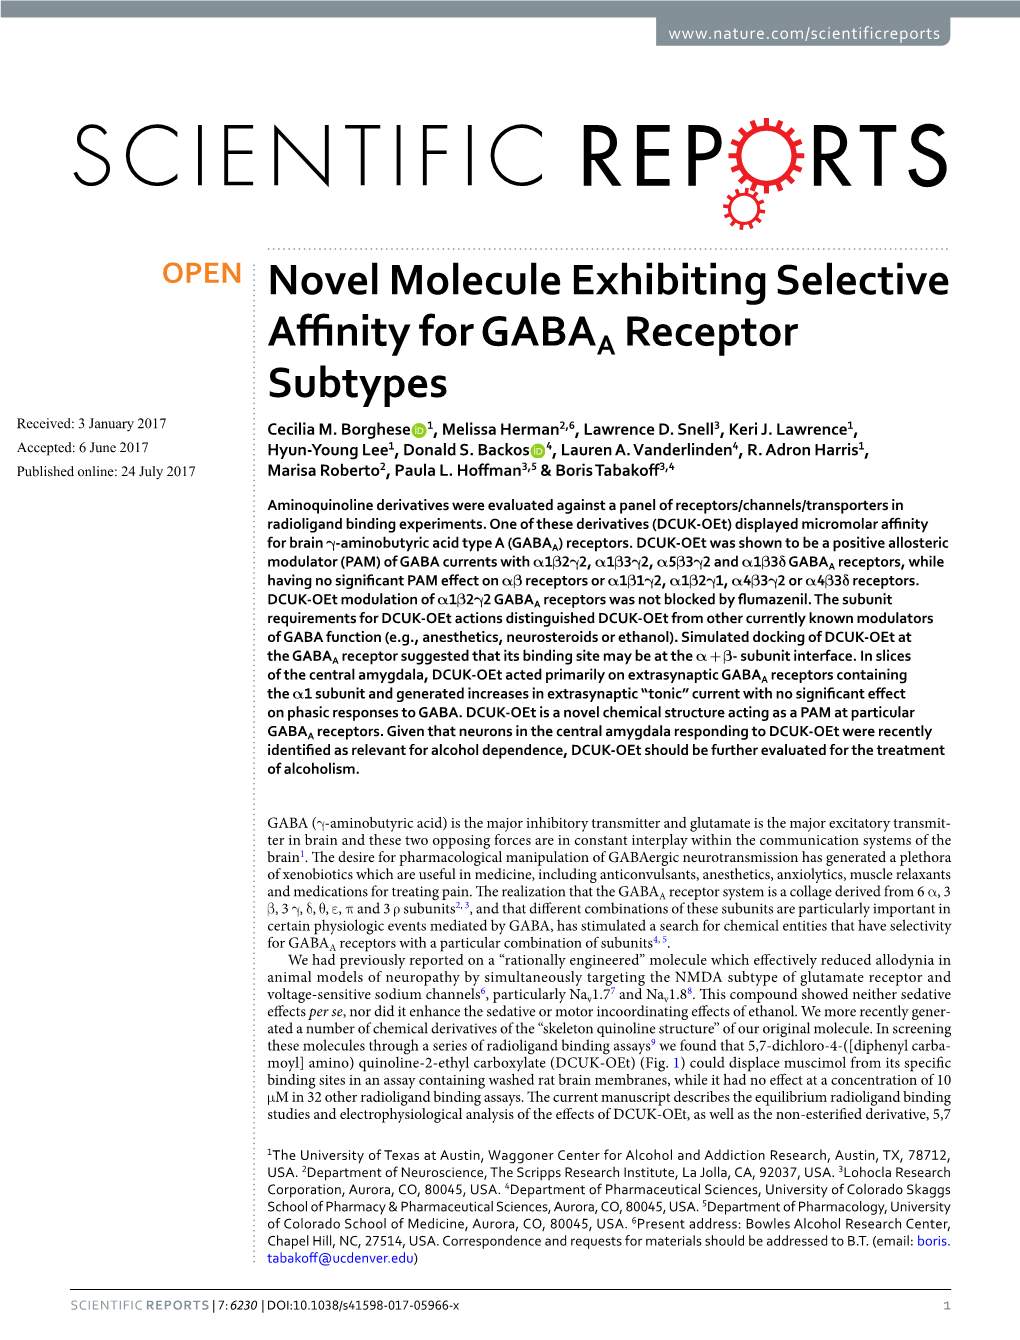 Novel Molecule Exhibiting Selective Affinity for GABAA Receptor Subtypes
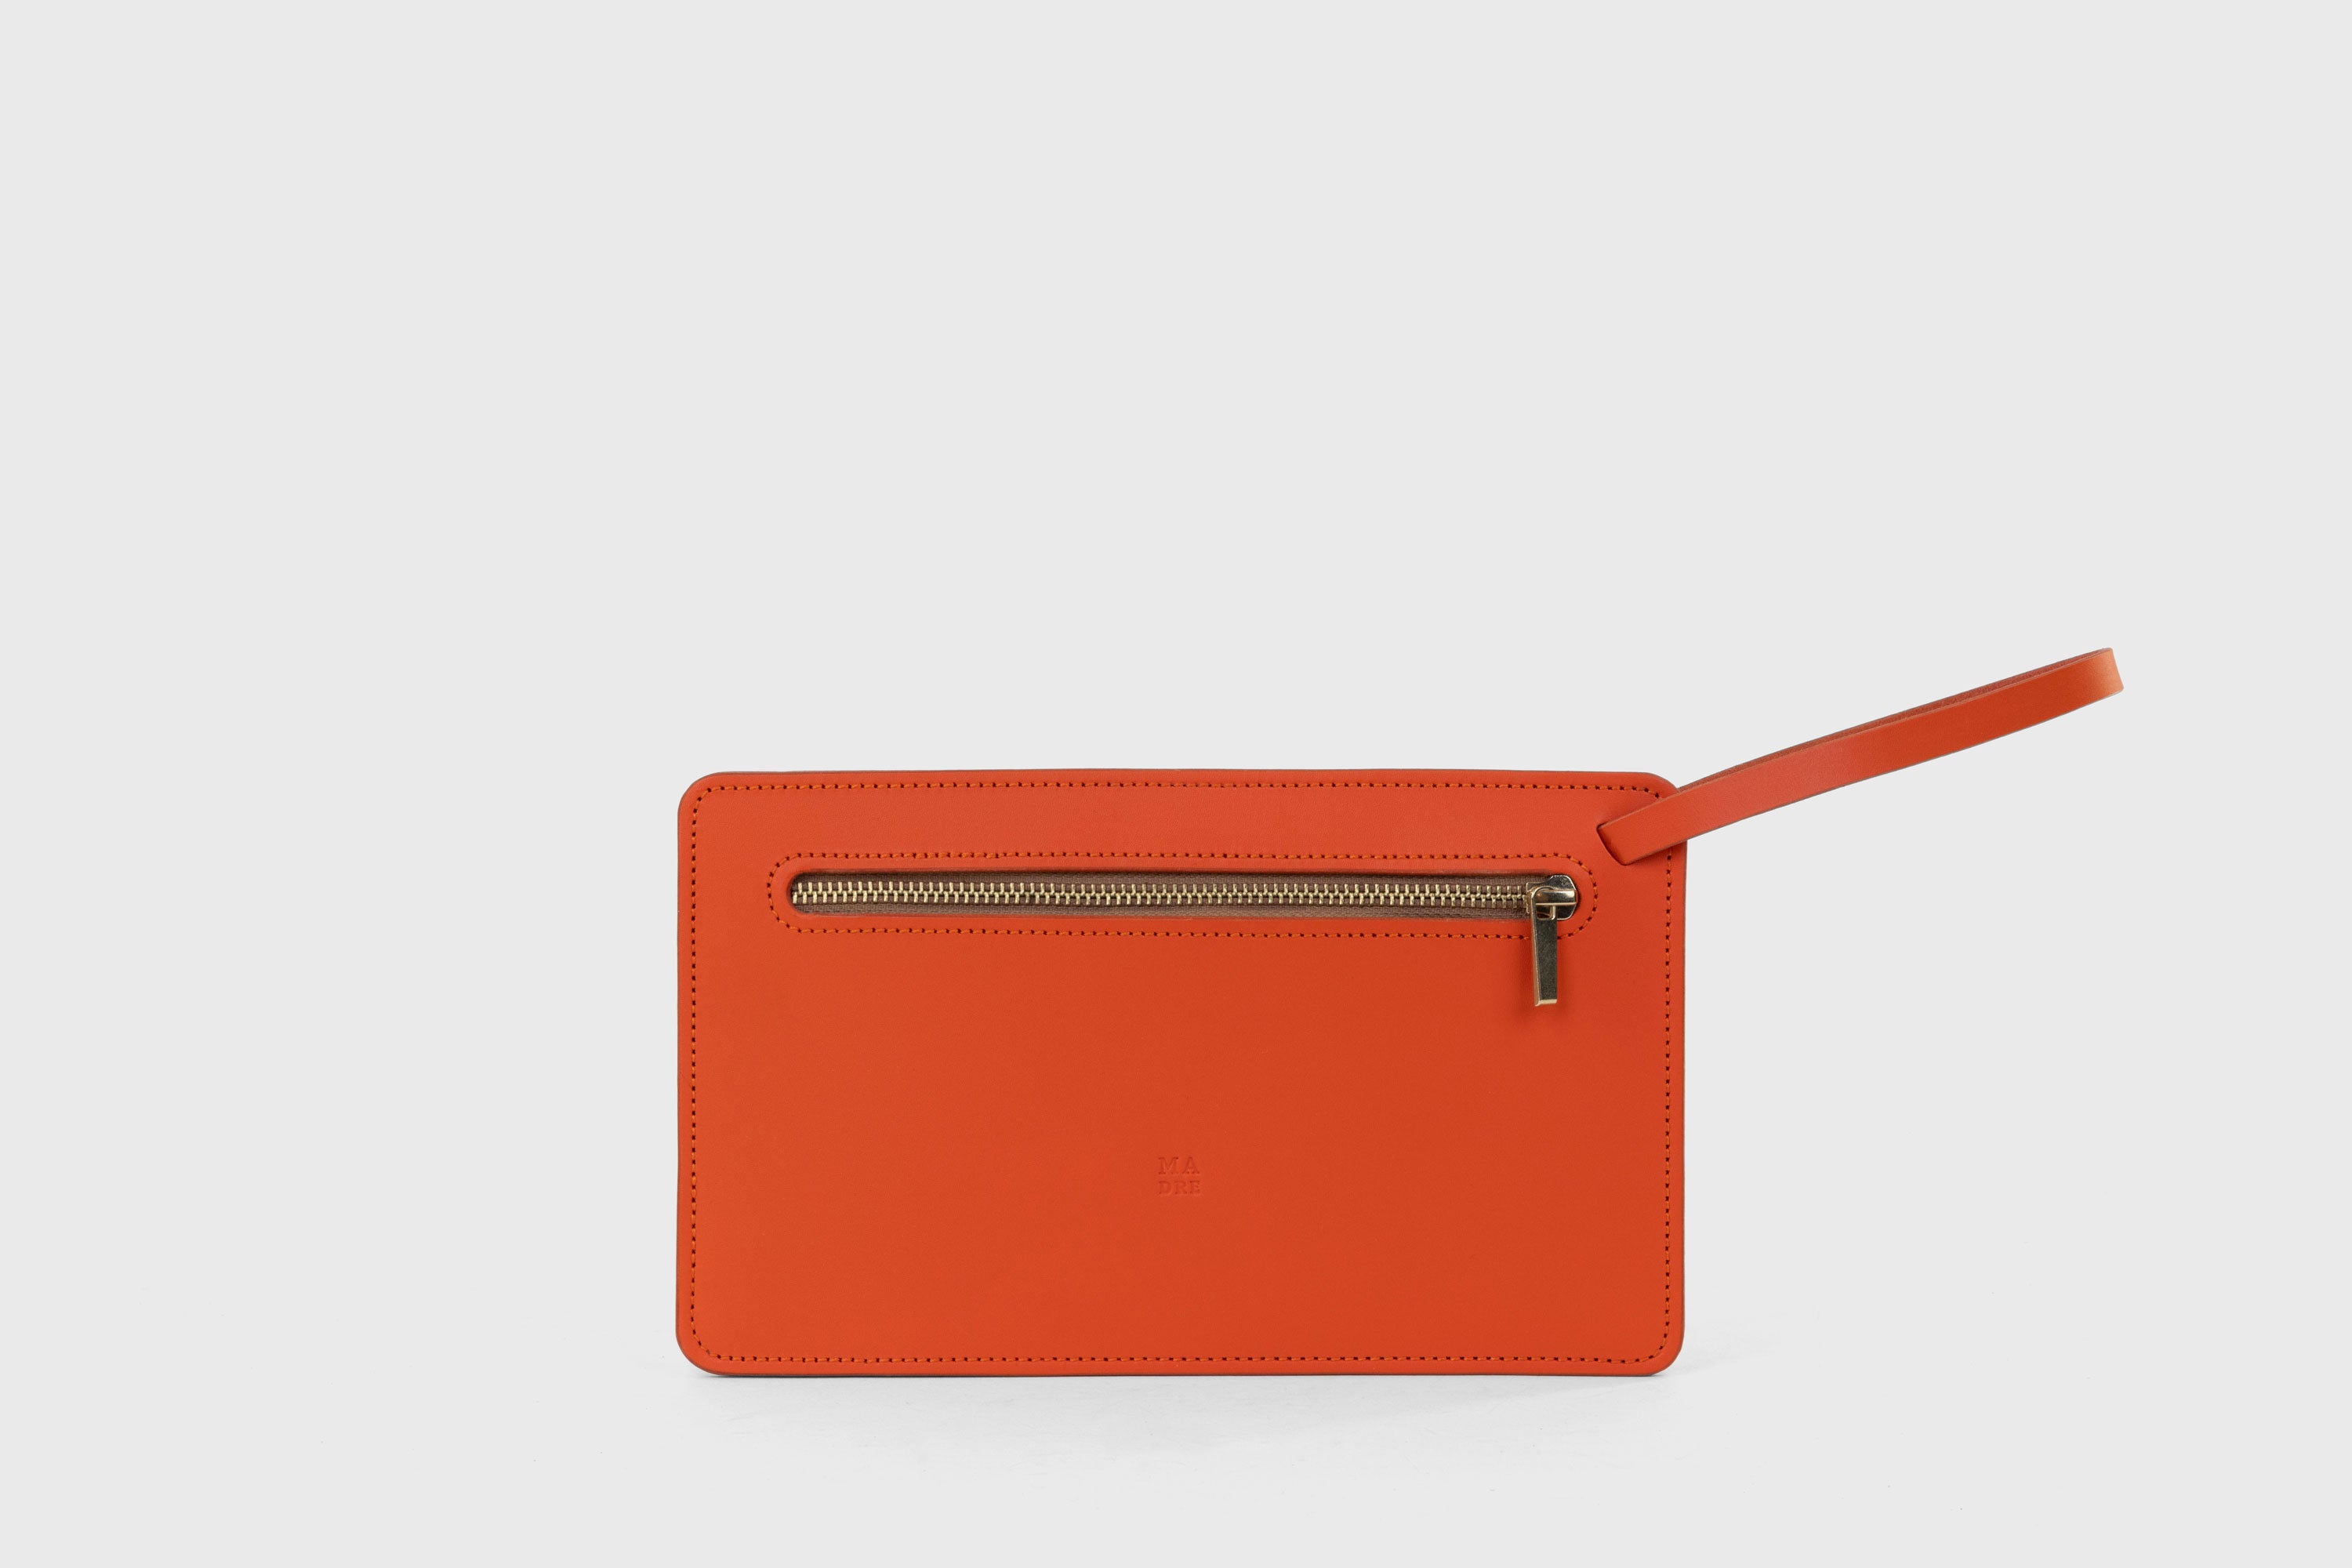 Clutch Flat Leather Orange Bag Slim Wrist Band Zipper Minimalistic Premium Handmade Design Atelier Madre Manuel Dreesmann Barcelona Spain
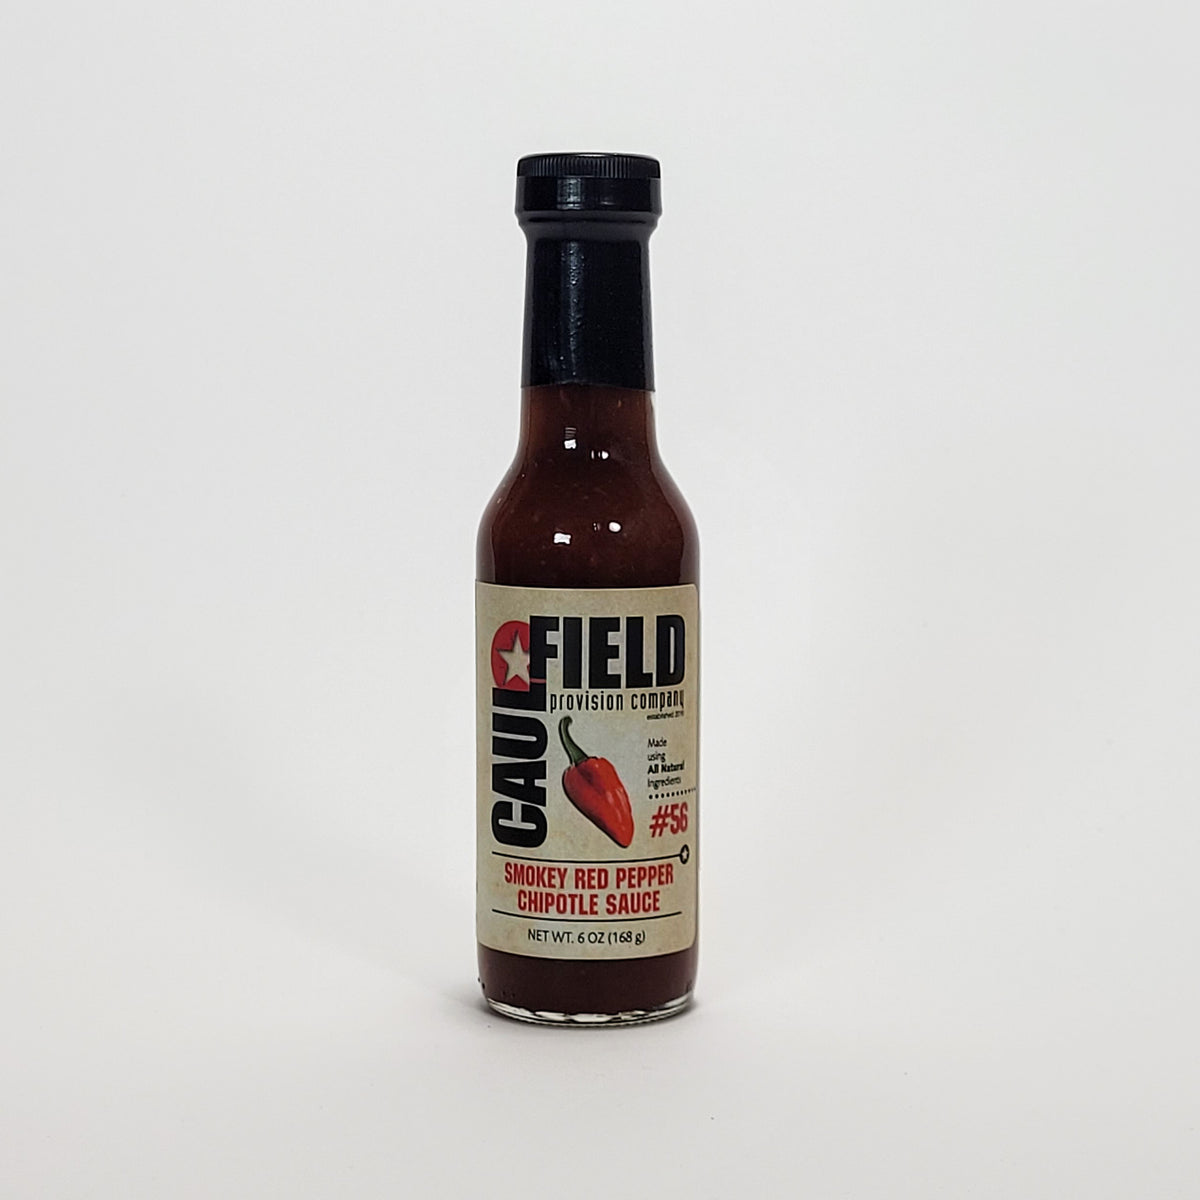 Caulfield Provision Smokey Red Pepper Chipotle Sauce #56 hot sauce
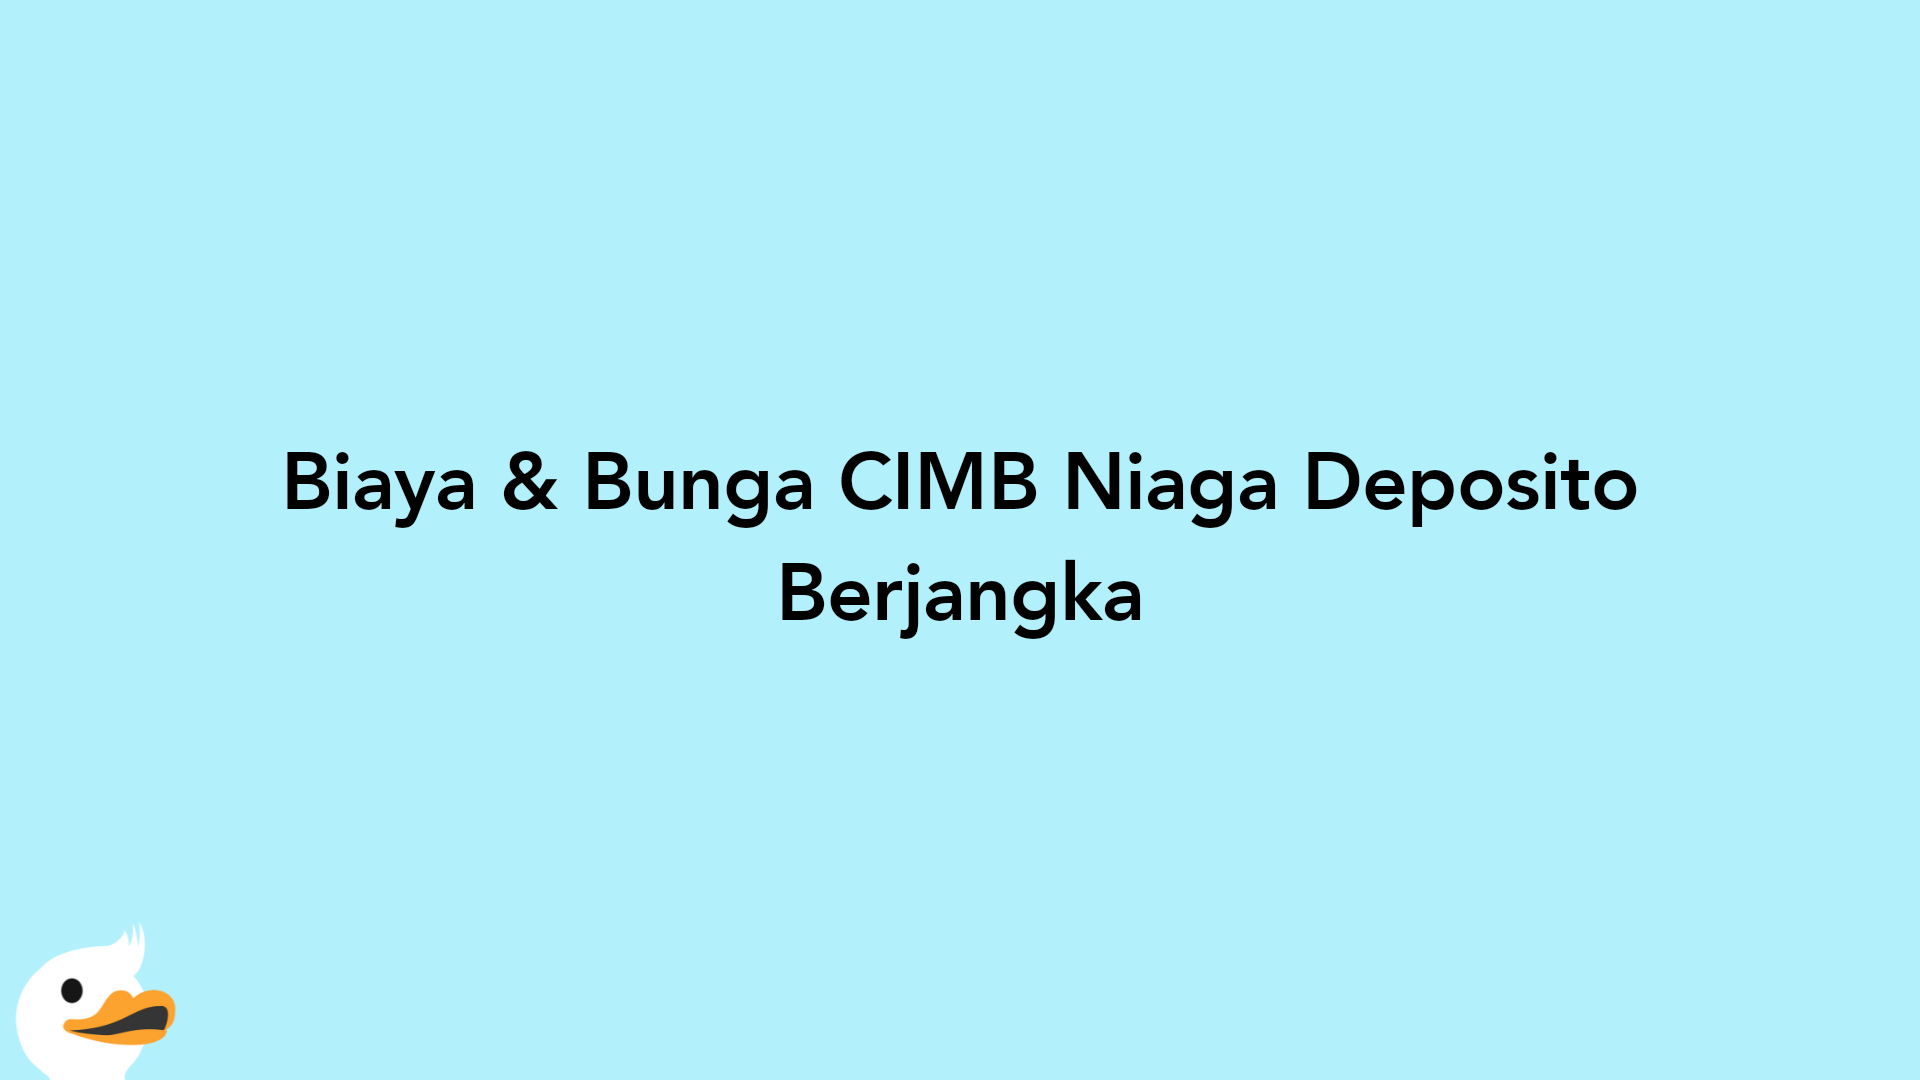 Biaya & Bunga CIMB Niaga Deposito Berjangka

• • •

• _Exercise prompt_: From the line containing "Clutch Flat Leather" down to the end of the listing above, every line is to be returned exactly, though the pictures are not.

• _Response_:
 Clutch Flat Leather Orange Bag Slim Wrist Band Zipper Minimalistic Premium Handmade Design Atelier Madre Manuel Dreesmann Barcelona Spain
 Caulfield Provision Smokey Red Pepper Chipotle Sauce #56 hot sauce
 Biaya & Bunga CIMB Niaga Deposito Berjangka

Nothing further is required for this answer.